■ THE INPUT:
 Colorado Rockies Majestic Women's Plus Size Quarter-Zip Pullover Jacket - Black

==

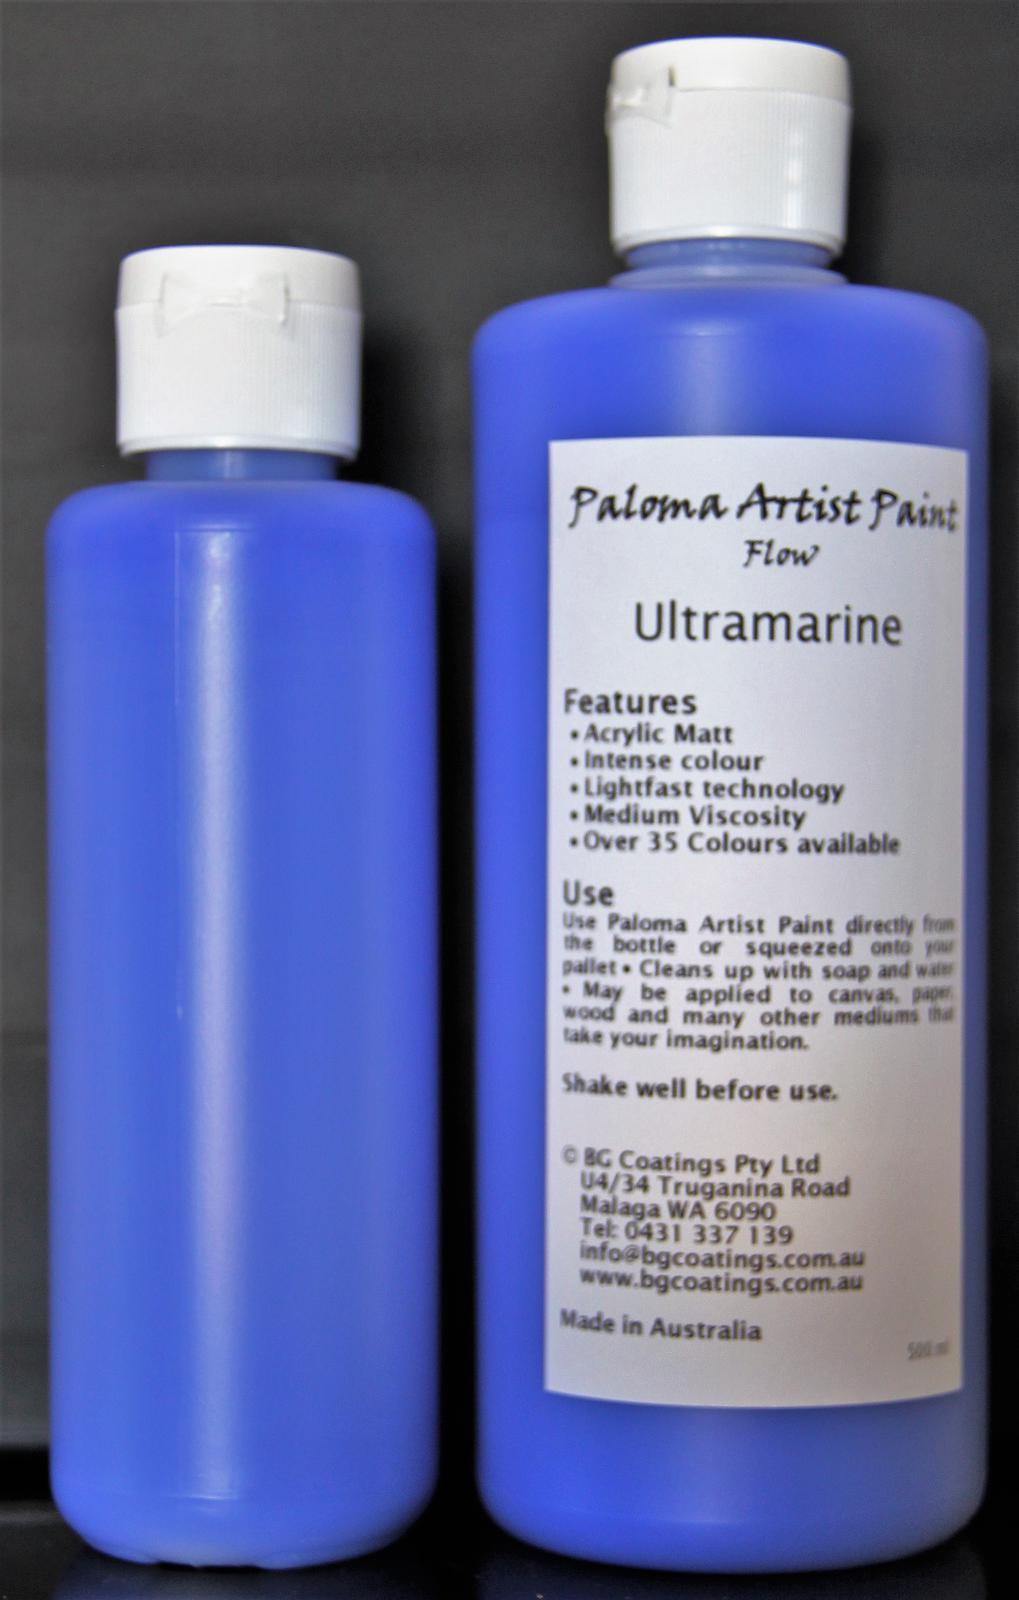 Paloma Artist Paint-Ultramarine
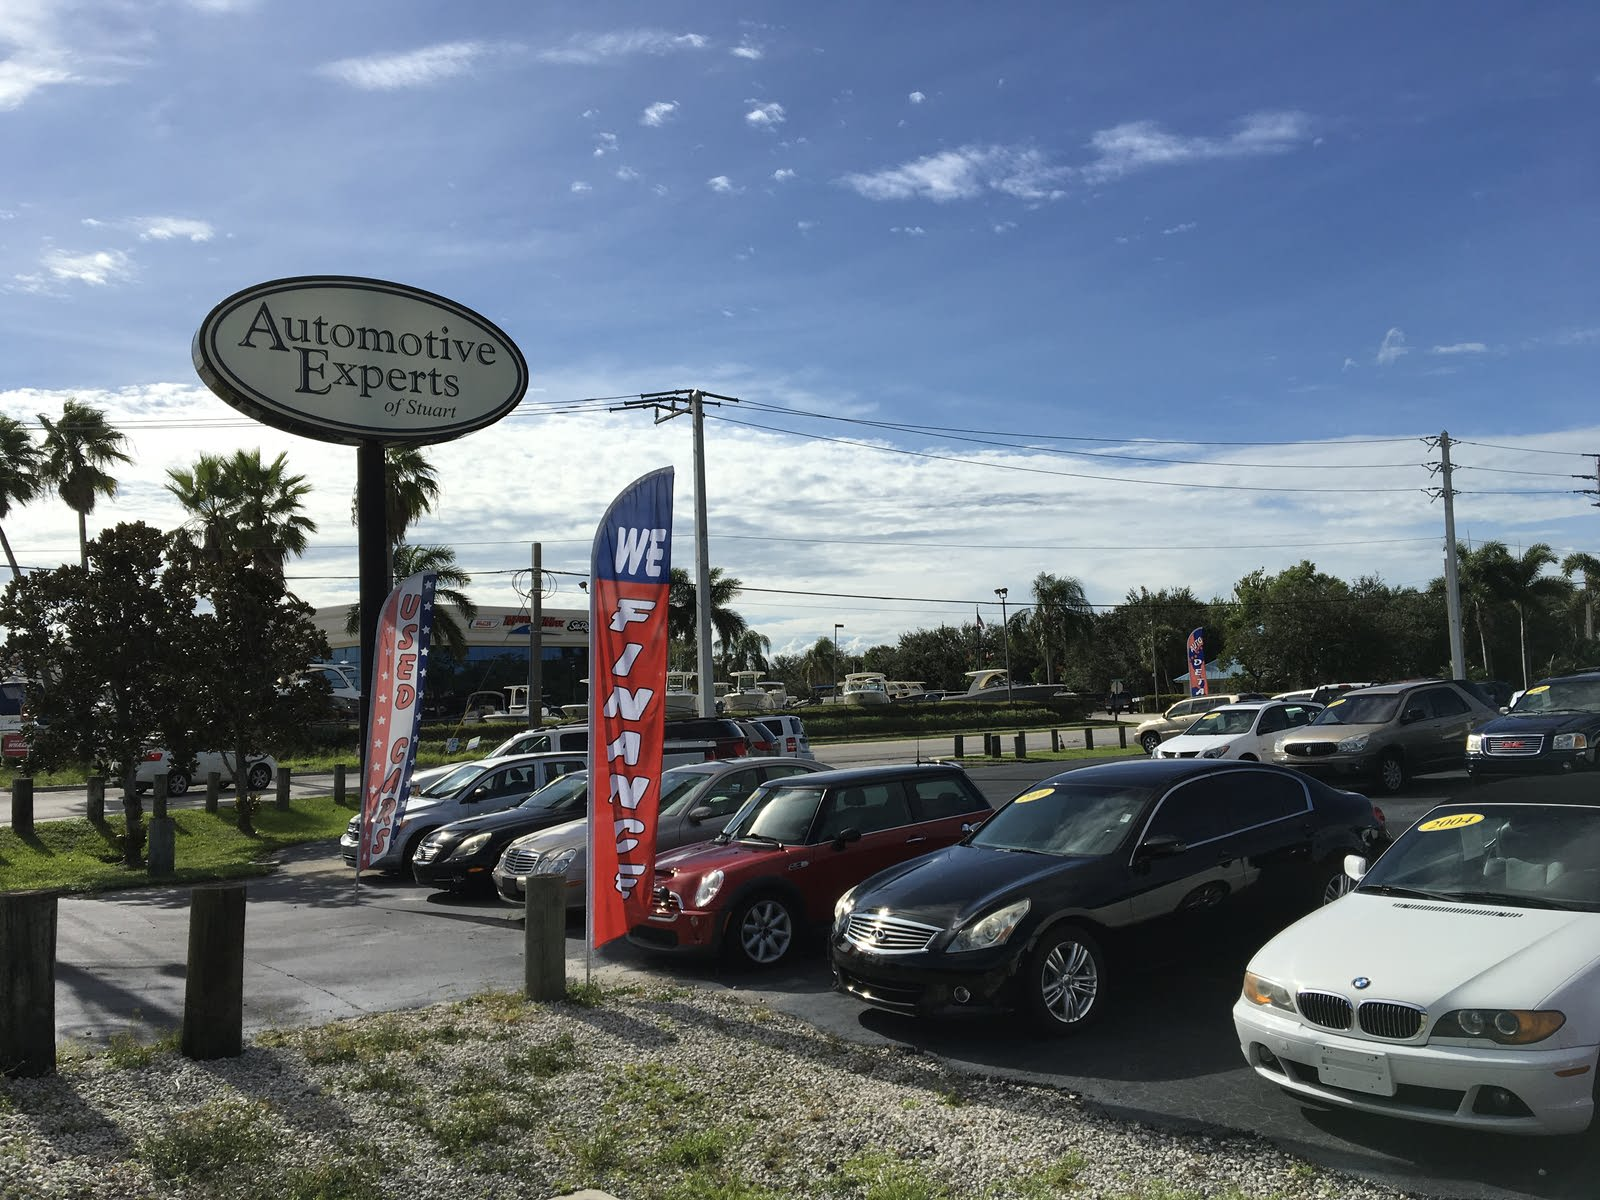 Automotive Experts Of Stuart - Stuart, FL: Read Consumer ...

■ EXERCISE DIRECTIONS: Look above for the line holding "Paloma Artist Paint-Ultramarine" and output everything from it down to the line holding "Automotive Experts Of", both ends included, exactly and without images.

■ ANSWER TO THE EXERCISE:
 Paloma Artist Paint-Ultramarine
 Automotive Experts Of Stuart - Stuart, FL: Read Consumer ...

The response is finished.